DIRECTIONS FOR THIS TASK: Among the lines below, take the one holding "Historische Abbildung von", the one holding "1896 - eine", and all lines between them. Set them down exactly.

SUPPLIED MATERIAL:
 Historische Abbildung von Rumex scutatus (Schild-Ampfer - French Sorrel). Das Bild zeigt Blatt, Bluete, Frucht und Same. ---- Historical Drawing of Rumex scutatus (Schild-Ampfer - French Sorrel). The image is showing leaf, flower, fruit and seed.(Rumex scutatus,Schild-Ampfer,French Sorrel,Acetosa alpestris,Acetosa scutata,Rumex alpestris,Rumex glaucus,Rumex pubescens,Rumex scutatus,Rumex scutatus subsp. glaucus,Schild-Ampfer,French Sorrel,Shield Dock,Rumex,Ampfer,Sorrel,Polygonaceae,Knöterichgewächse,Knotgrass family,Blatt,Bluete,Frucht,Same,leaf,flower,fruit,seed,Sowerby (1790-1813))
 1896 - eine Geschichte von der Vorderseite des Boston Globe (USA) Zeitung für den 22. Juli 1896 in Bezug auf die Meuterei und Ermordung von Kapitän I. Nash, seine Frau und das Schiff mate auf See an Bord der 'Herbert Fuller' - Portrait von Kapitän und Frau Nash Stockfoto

---

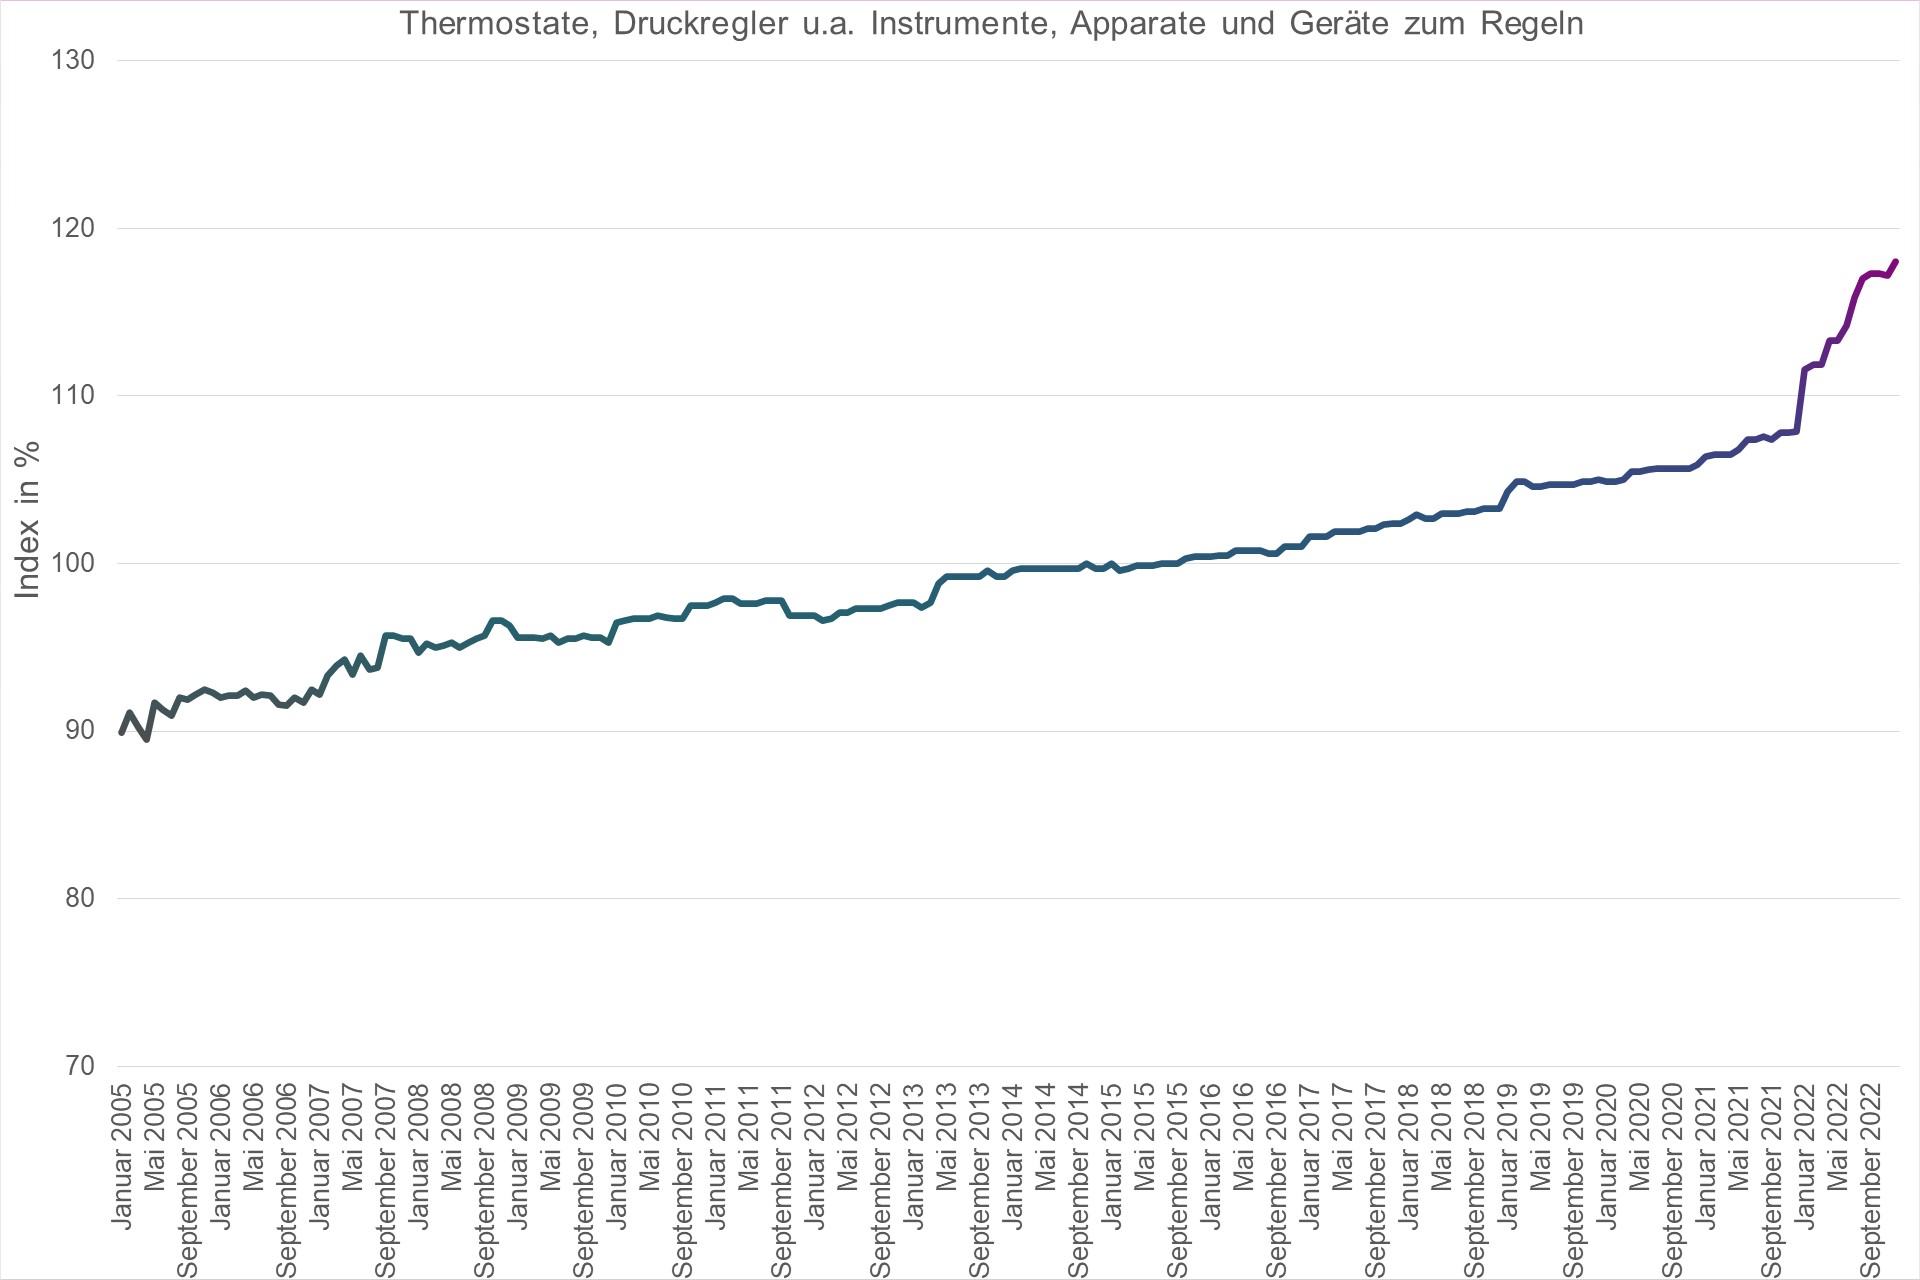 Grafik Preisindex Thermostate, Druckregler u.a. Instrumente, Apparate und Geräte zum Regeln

---

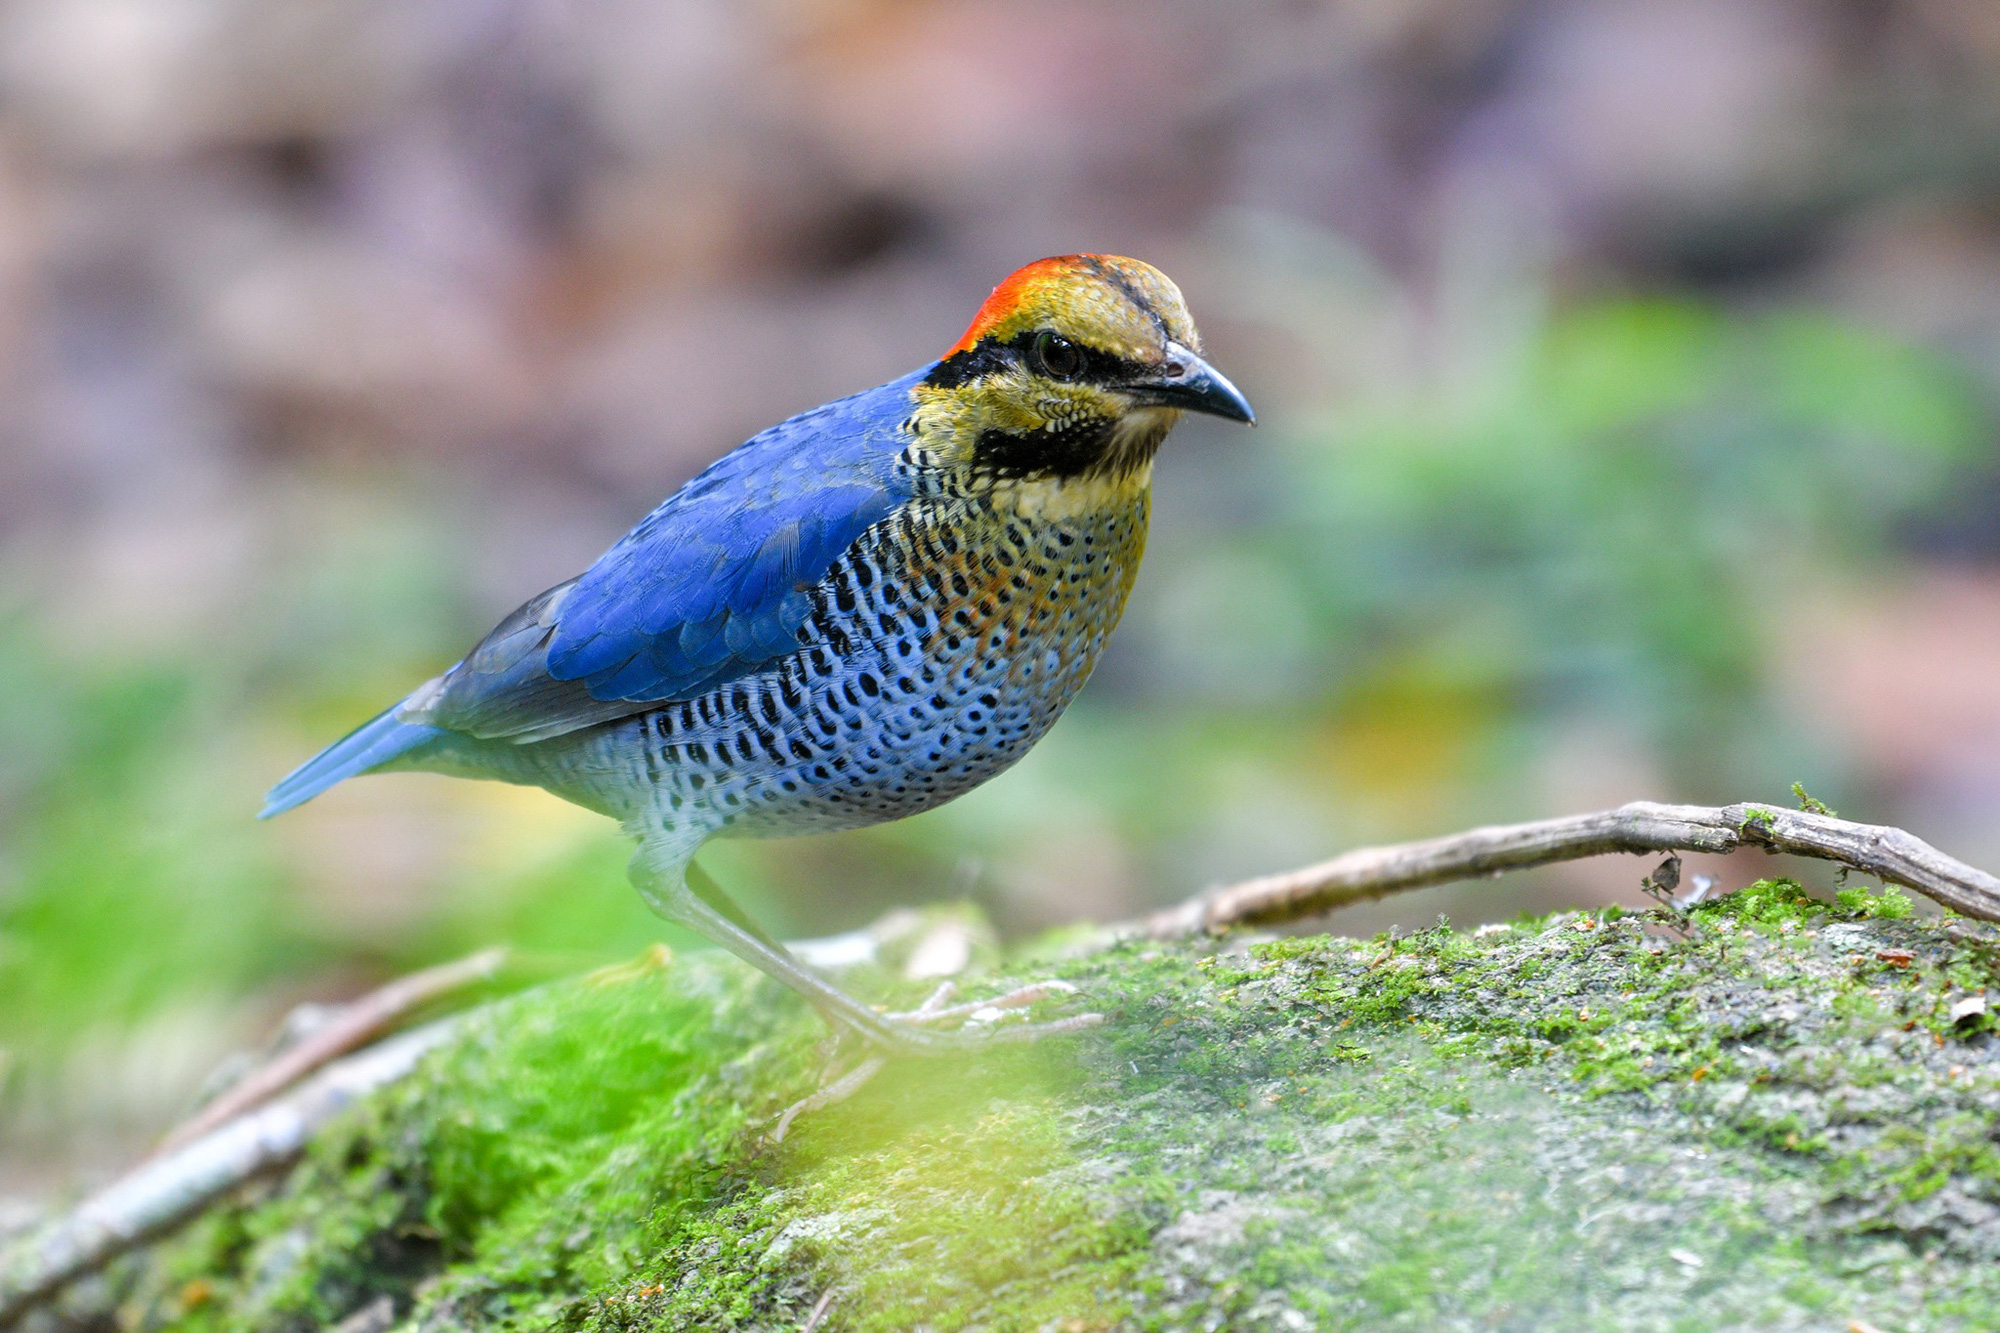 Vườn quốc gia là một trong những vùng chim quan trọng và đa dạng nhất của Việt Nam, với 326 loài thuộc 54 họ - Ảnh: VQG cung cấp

ANSWER TO THE PROBLEM:
 Historische Abbildung von Rumex scutatus (Schild-Ampfer - French Sorrel). Das Bild zeigt Blatt, Bluete, Frucht und Same. ---- Historical Drawing of Rumex scutatus (Schild-Ampfer - French Sorrel). The image is showing leaf, flower, fruit and seed.(Rumex scutatus,Schild-Ampfer,French Sorrel,Acetosa alpestris,Acetosa scutata,Rumex alpestris,Rumex glaucus,Rumex pubescens,Rumex scutatus,Rumex scutatus subsp. glaucus,Schild-Ampfer,French Sorrel,Shield Dock,Rumex,Ampfer,Sorrel,Polygonaceae,Knöterichgewächse,Knotgrass family,Blatt,Bluete,Frucht,Same,leaf,flower,fruit,seed,Sowerby (1790-1813))
 1896 - eine Geschichte von der Vorderseite des Boston Globe (USA) Zeitung für den 22. Juli 1896 in Bezug auf die Meuterei und Ermordung von Kapitän I. Nash, seine Frau und das Schiff mate auf See an Bord der 'Herbert Fuller' - Portrait von Kapitän und Frau Nash Stockfoto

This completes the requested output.